* _WHAT YOU HAVE TO DO_
Beginning at the line that contains "81 CTW Royalty" and finishing at the line that contains "Women's Asics Gel-Kayano", output the data below exactly. Include both end lines and no pictures.

* _ENTRIES SUPPLIED_
════════════════════
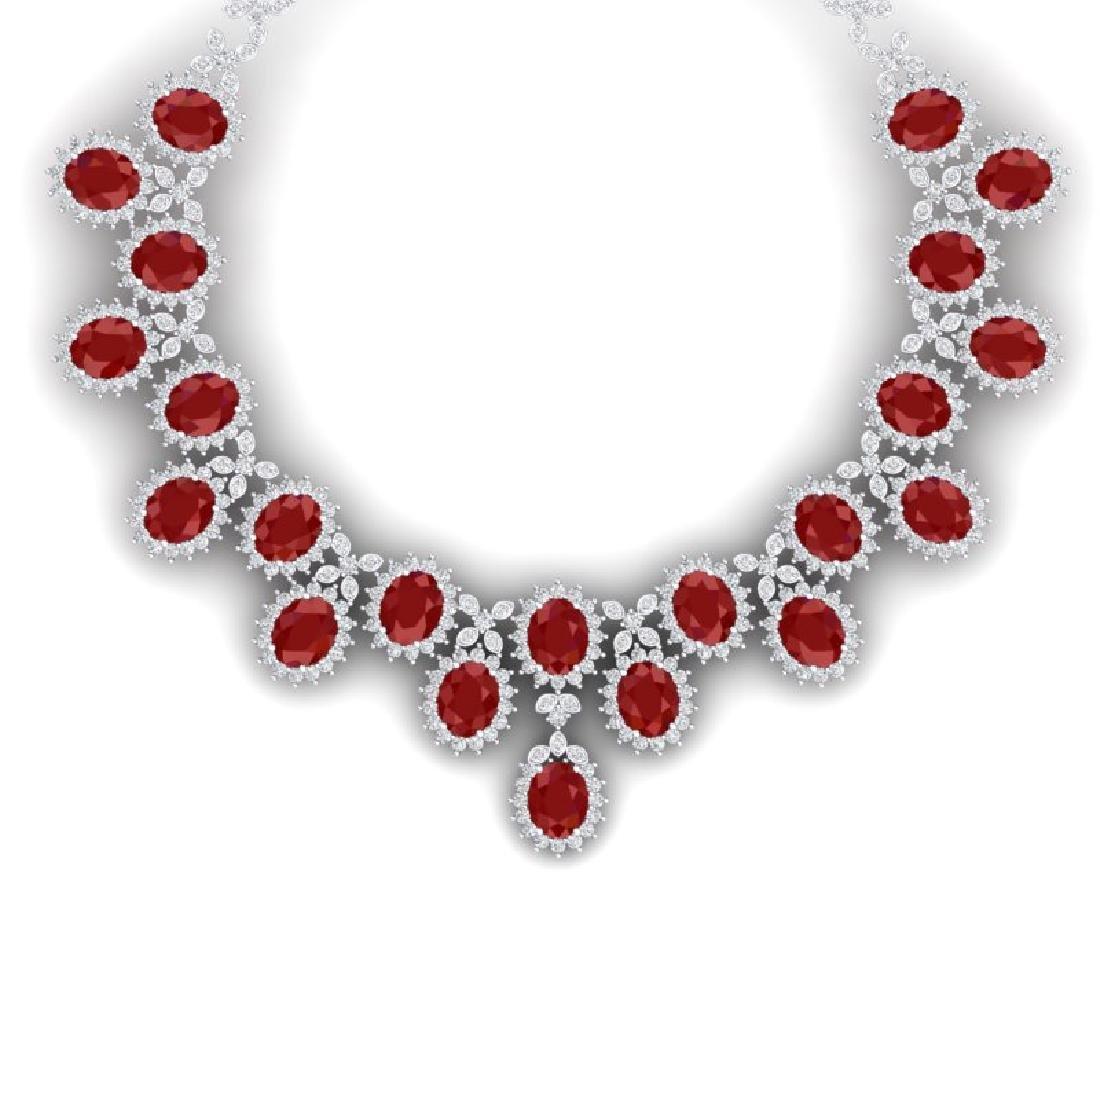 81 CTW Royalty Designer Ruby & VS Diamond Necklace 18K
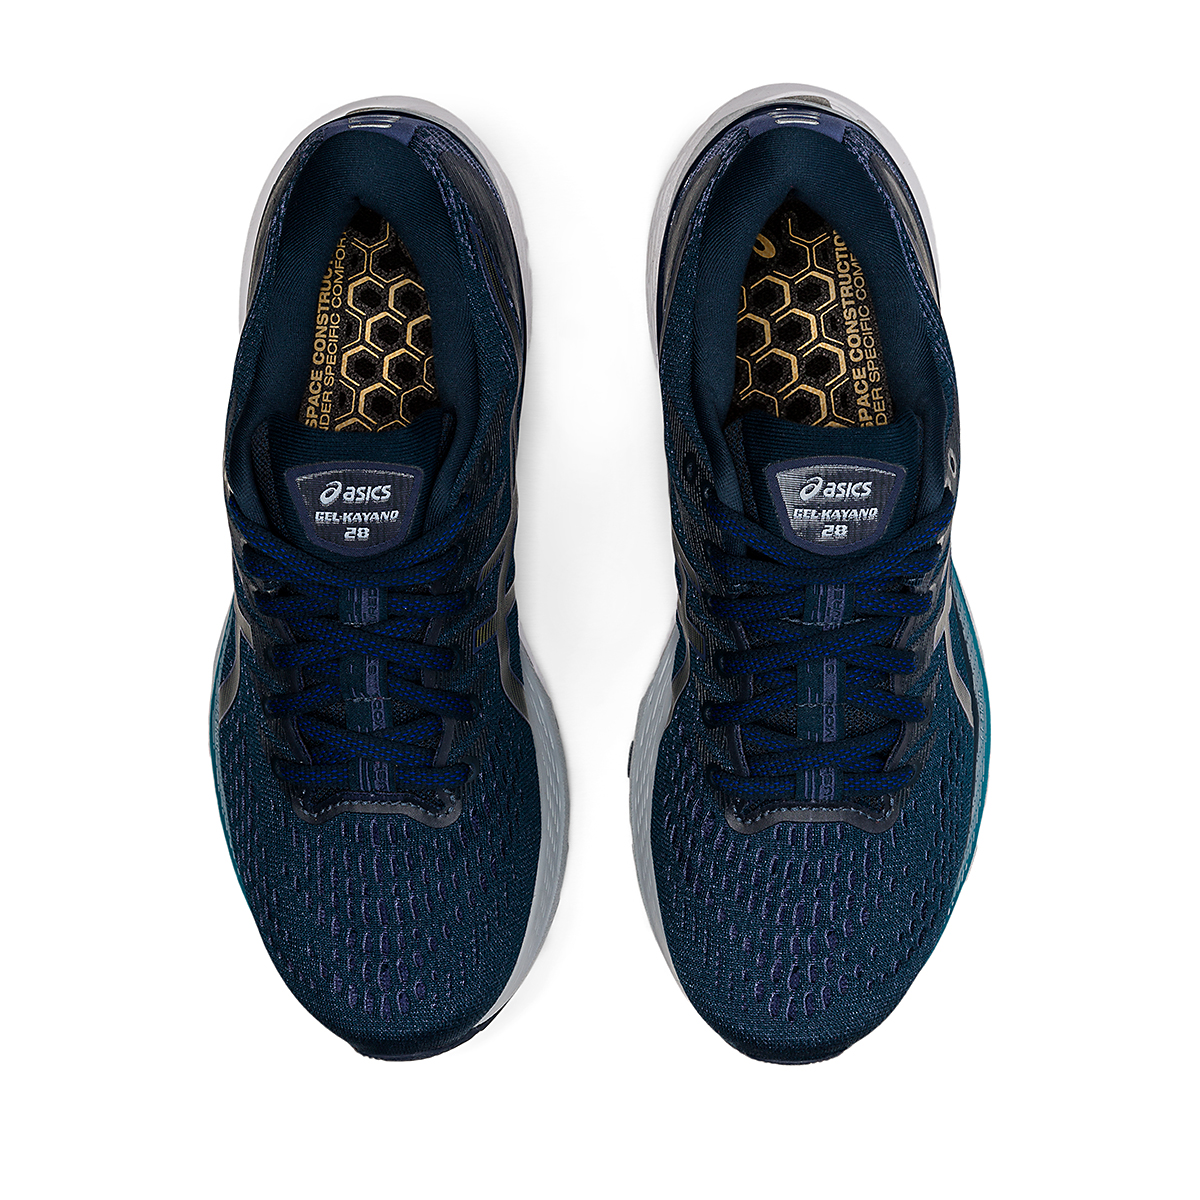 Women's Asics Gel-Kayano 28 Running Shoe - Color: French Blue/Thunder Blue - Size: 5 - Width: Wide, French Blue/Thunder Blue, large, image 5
════════════════════
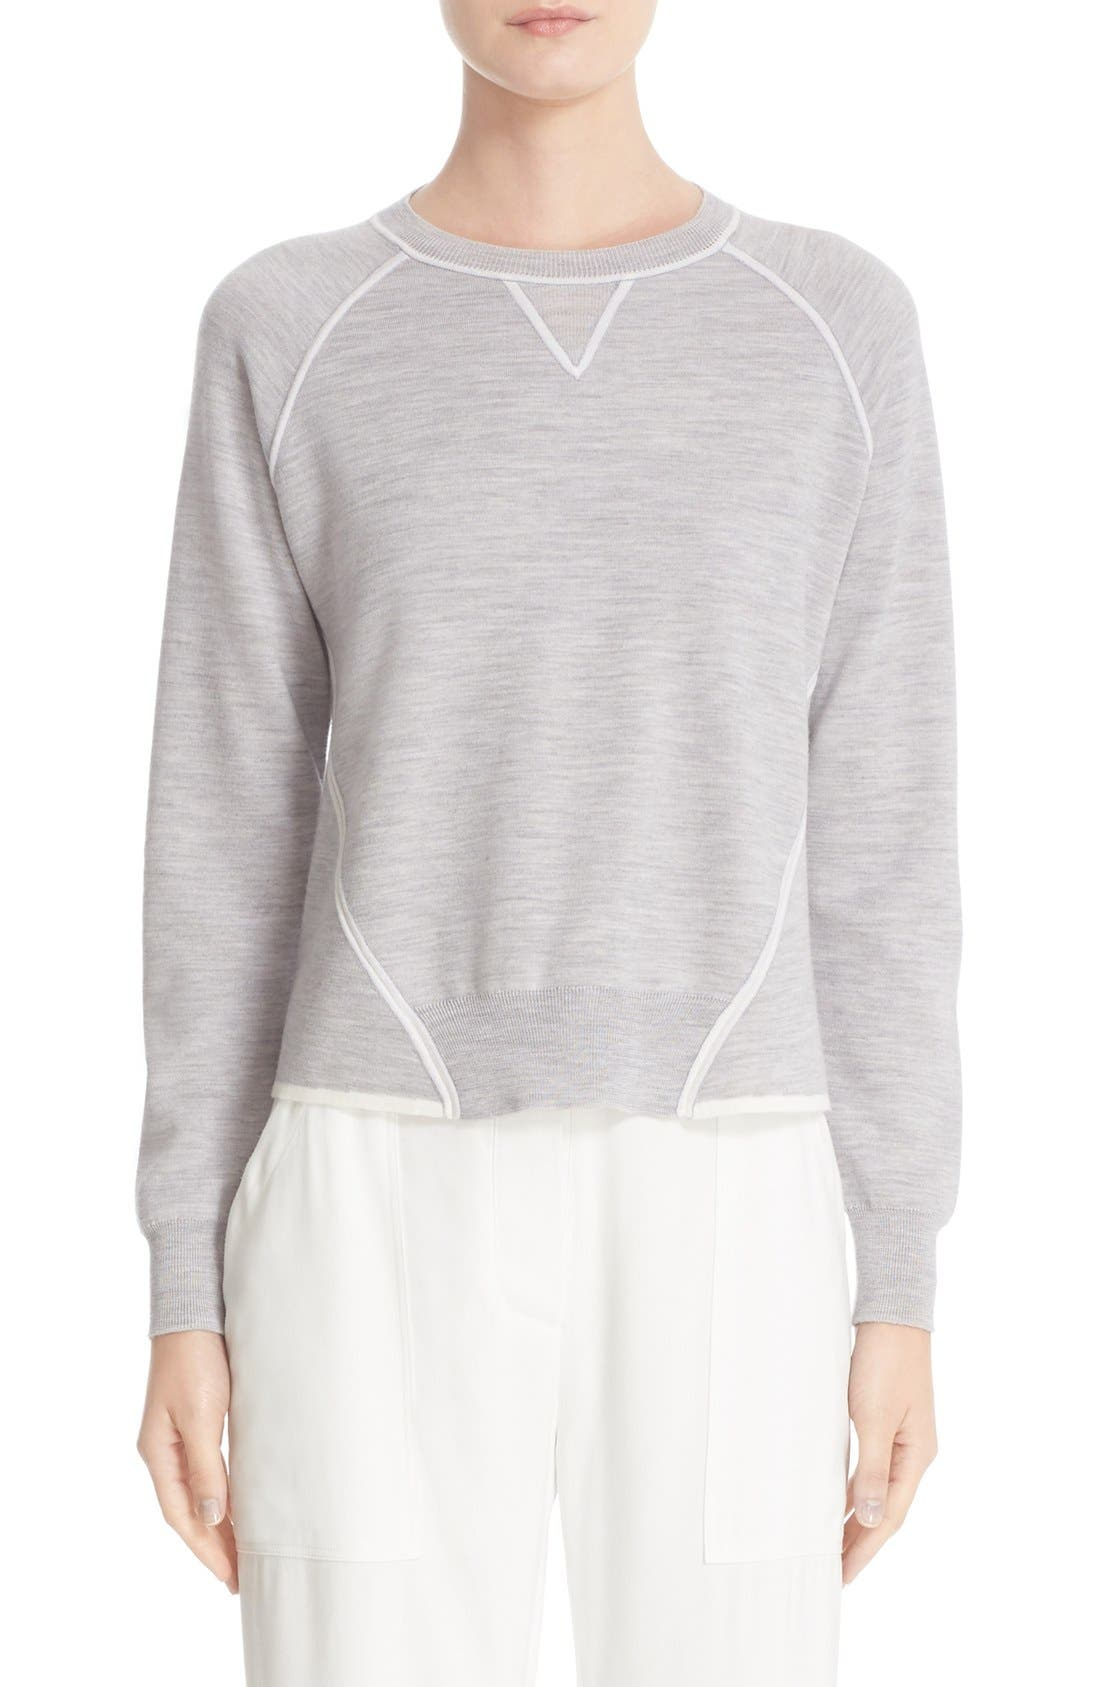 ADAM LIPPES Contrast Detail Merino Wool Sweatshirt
════════════════════
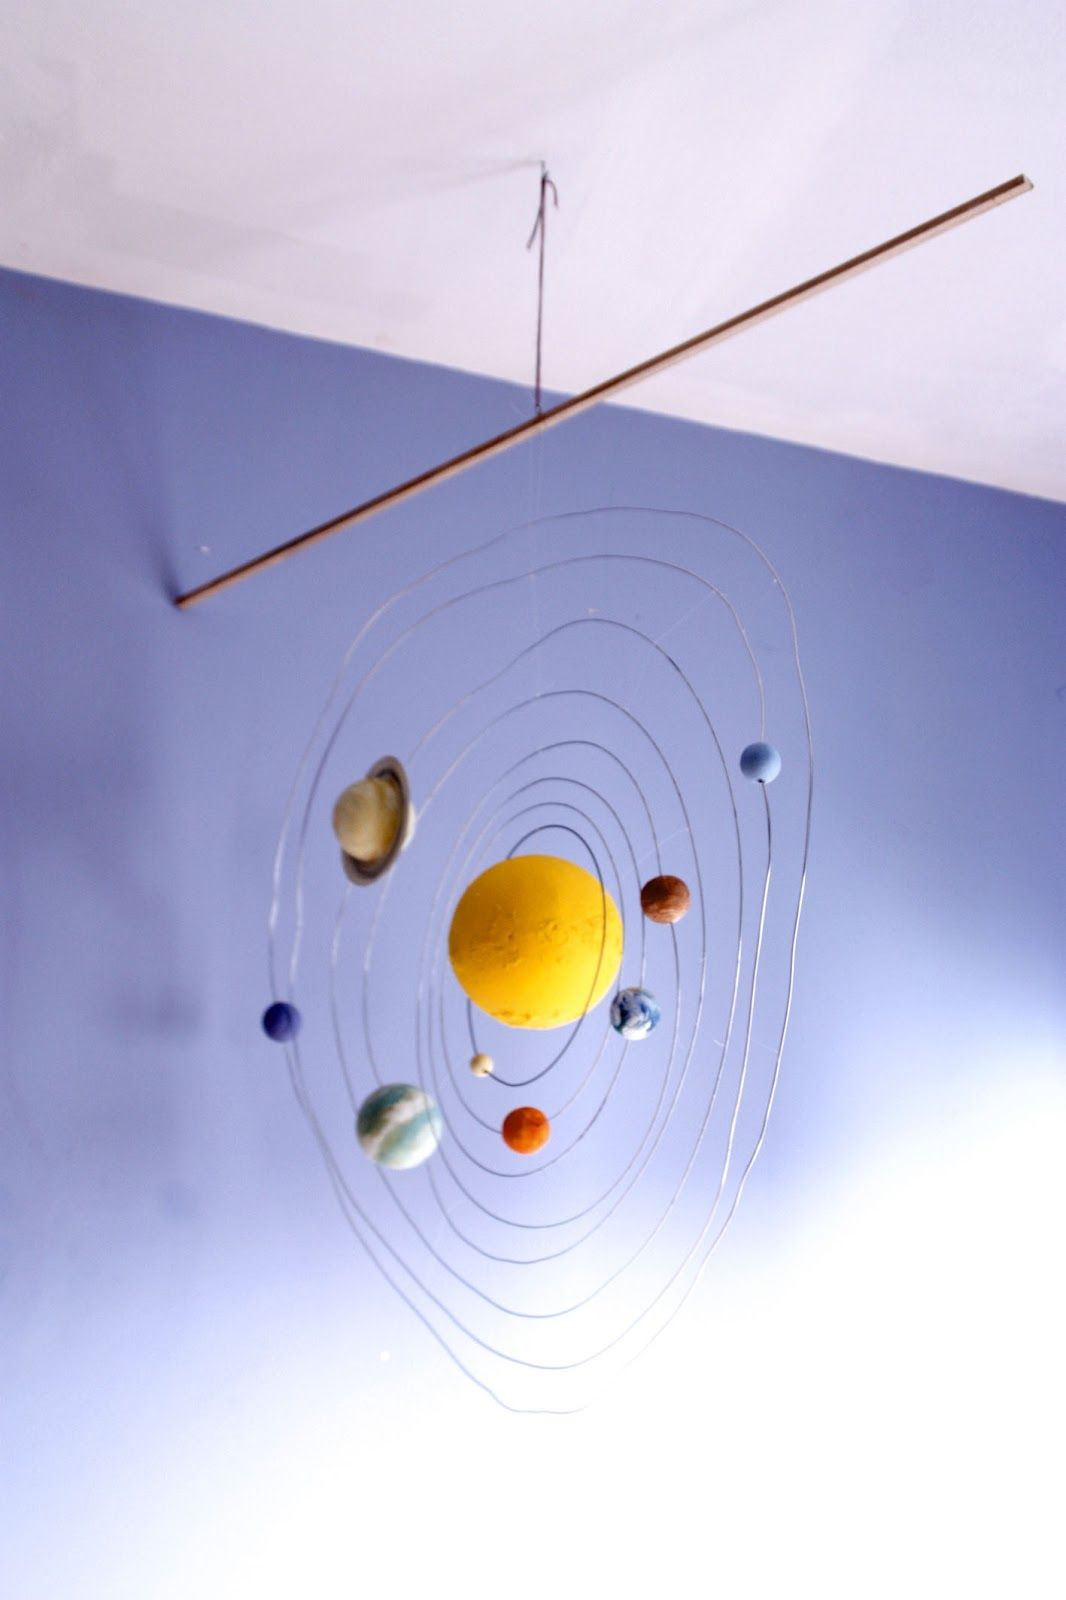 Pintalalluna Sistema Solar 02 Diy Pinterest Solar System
════════════════════
* _EXERCISE RESULT_
 81 CTW Royalty Designer Ruby & VS Diamond Necklace 18K
 Women's Asics Gel-Kayano 28 Running Shoe - Color: French Blue/Thunder Blue - Size: 5 - Width: Wide, French Blue/Thunder Blue, large, image 5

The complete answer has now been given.